> **WHAT THIS TASK INVOLVES**
Give the data again word for word; drop the pictures.

> **COLLECTED DATA**
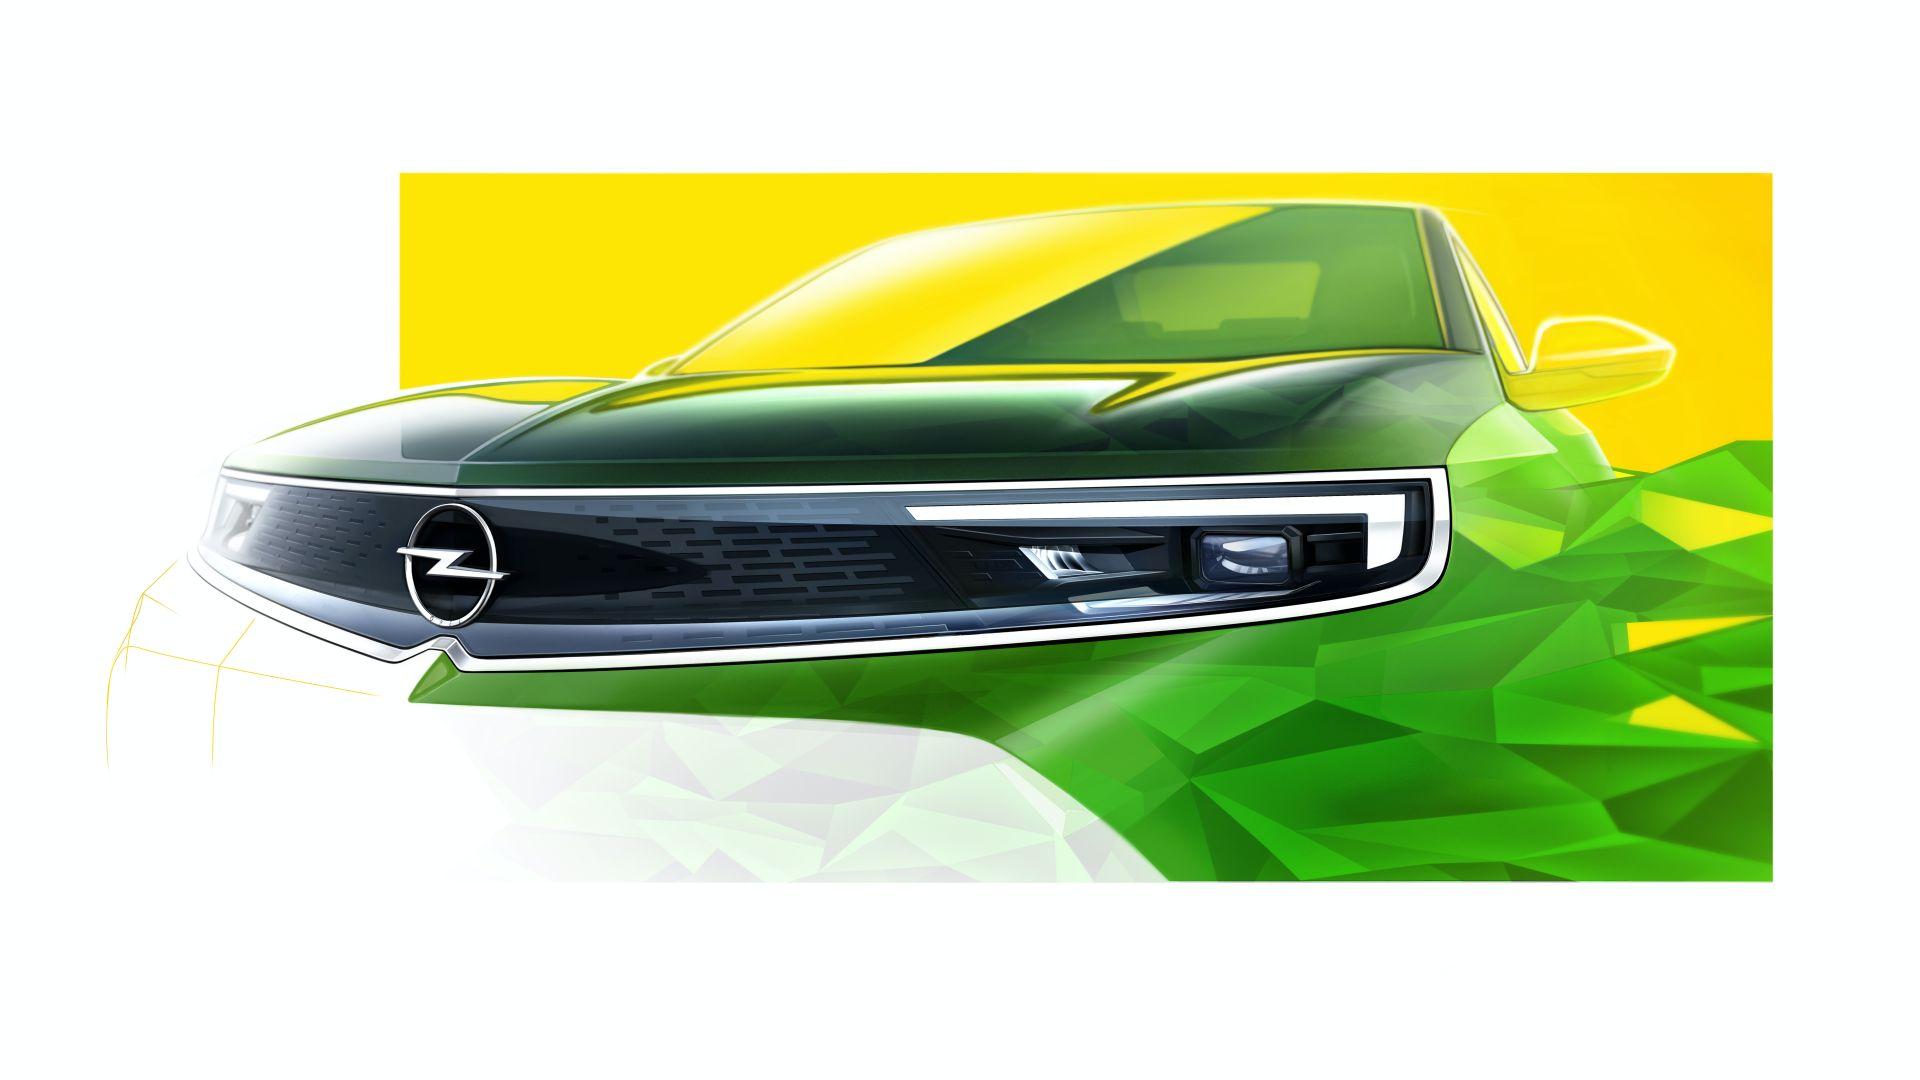 2021-Opel-Mokka-teaser
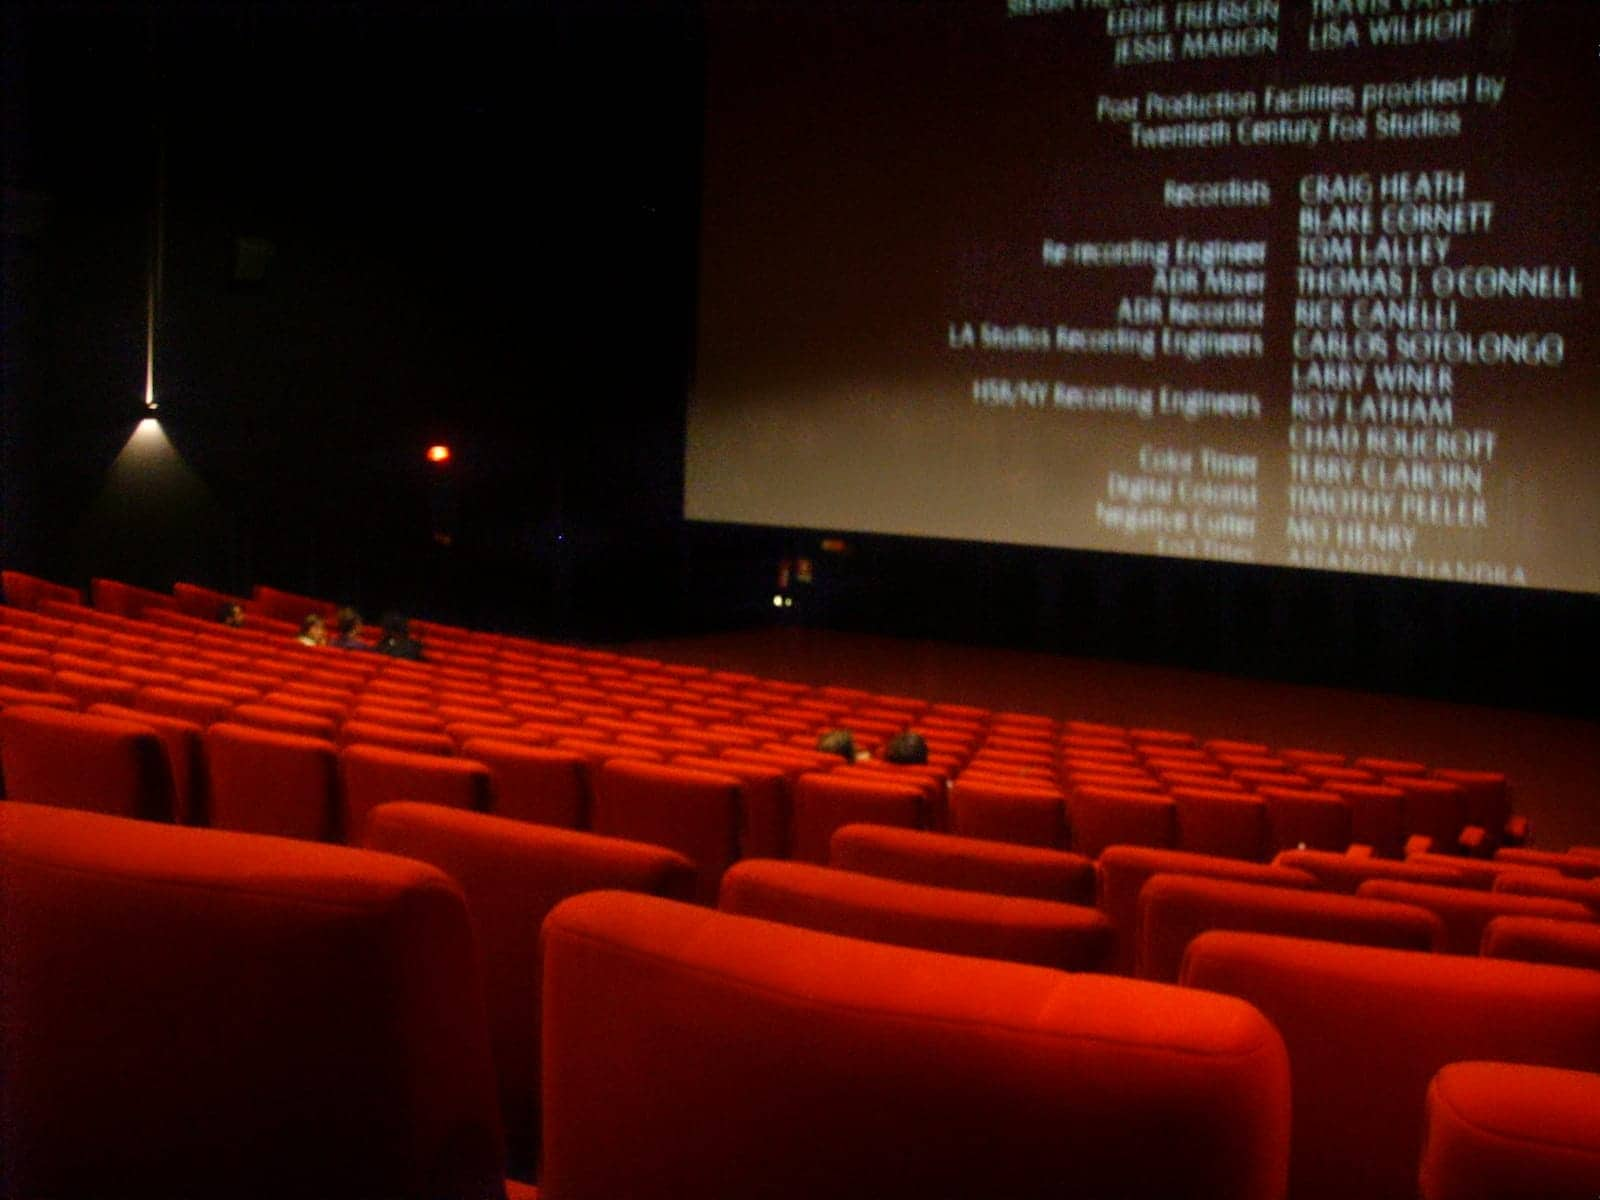 Les moins de 14 ans bénéficieront prochainement d'un tarif réduit et unique dans toutes les salles de cinéma de France pour toutes les séances, à savoir, 4 euros. Le ministère de la Culture a confirmé la mesure, et Aurélie Filippetti devrait l'annoncer officiellement dès ce soir, lors de l'inauguration d'un cinéma de la Manche. La […]
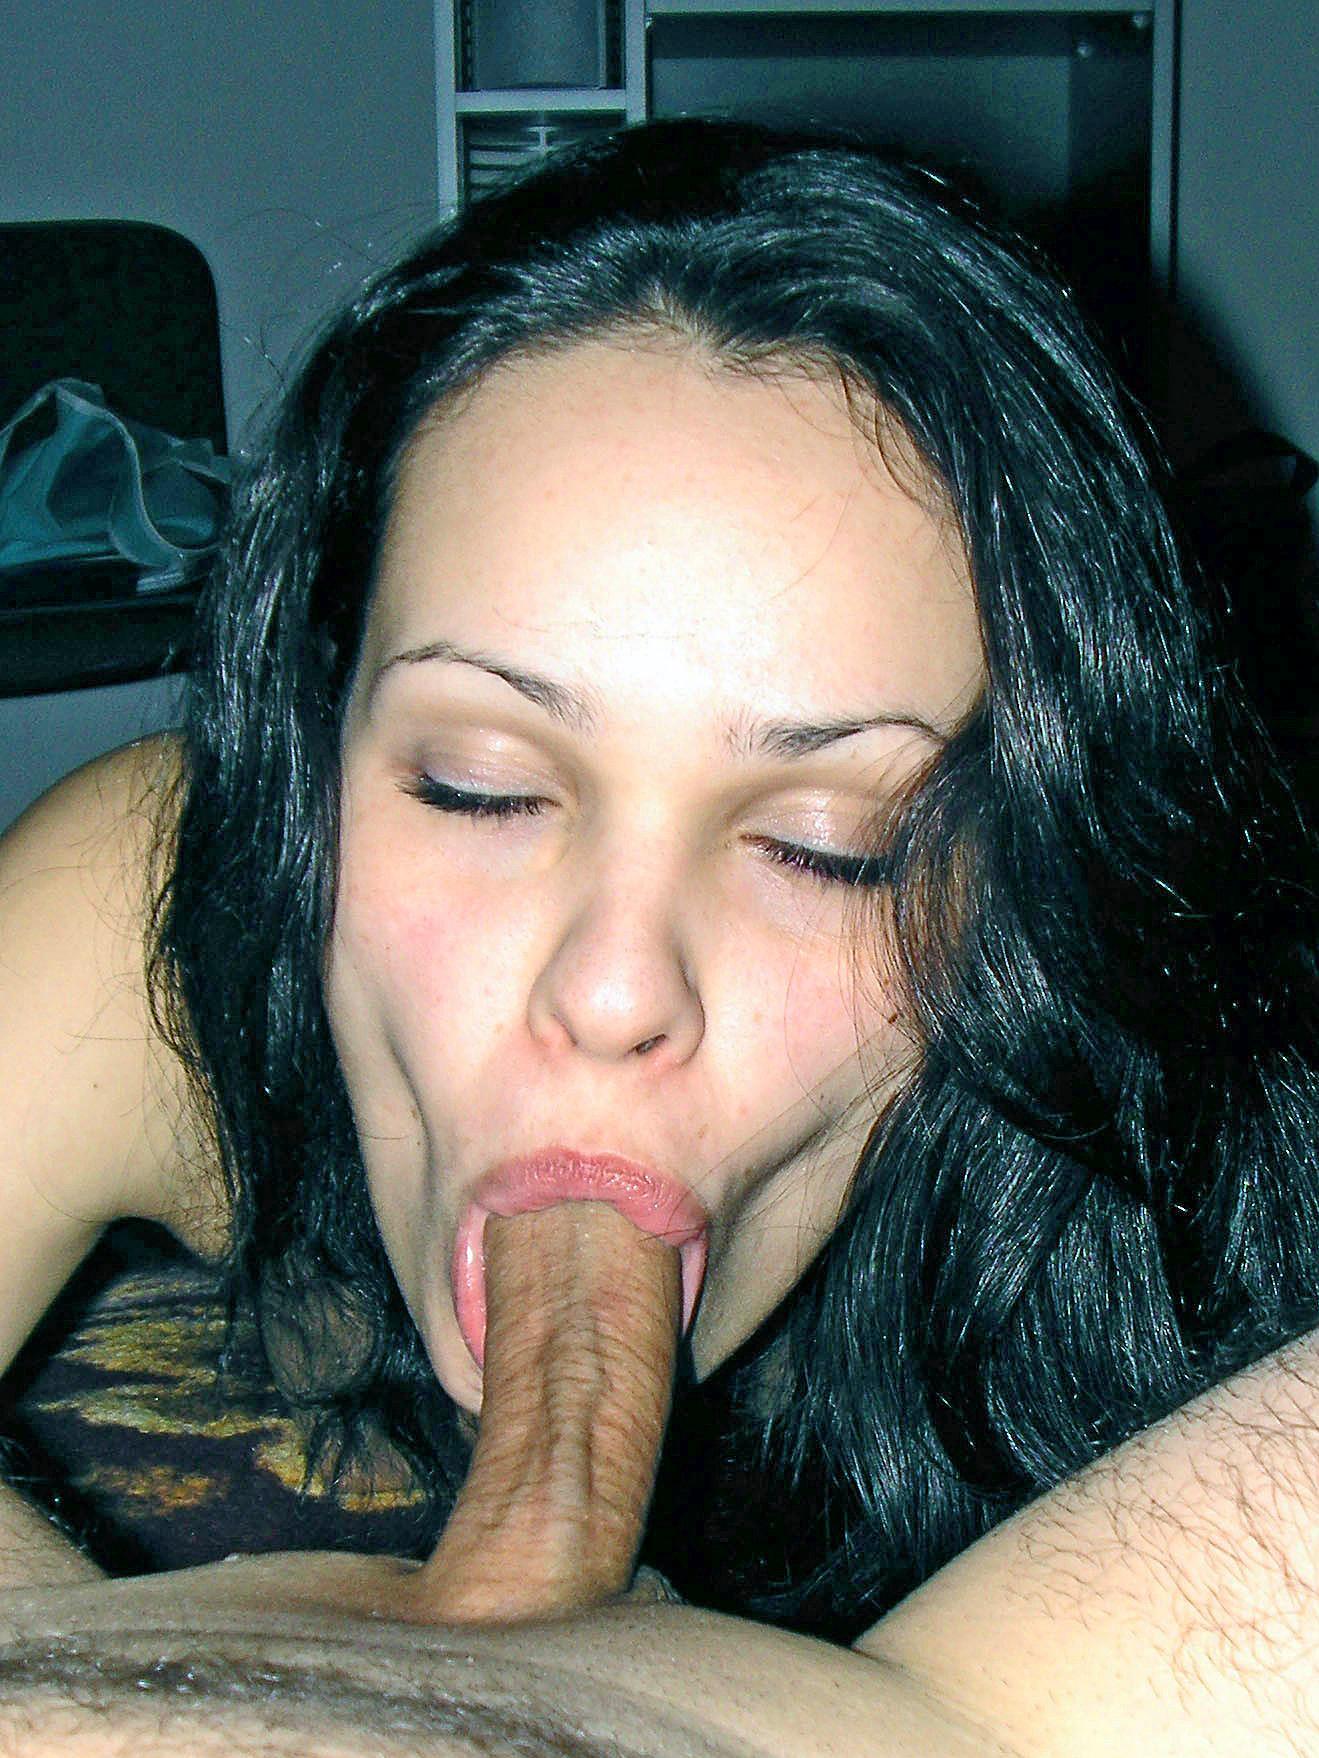 Romanian hooker

> **RESPONSE FOR THIS EXERCISE**
 2021-Opel-Mokka-teaser
 Les moins de 14 ans bénéficieront prochainement d'un tarif réduit et unique dans toutes les salles de cinéma de France pour toutes les séances, à savoir, 4 euros. Le ministère de la Culture a confirmé la mesure, et Aurélie Filippetti devrait l'annoncer officiellement dès ce soir, lors de l'inauguration d'un cinéma de la Manche. La […]
 Romanian hooker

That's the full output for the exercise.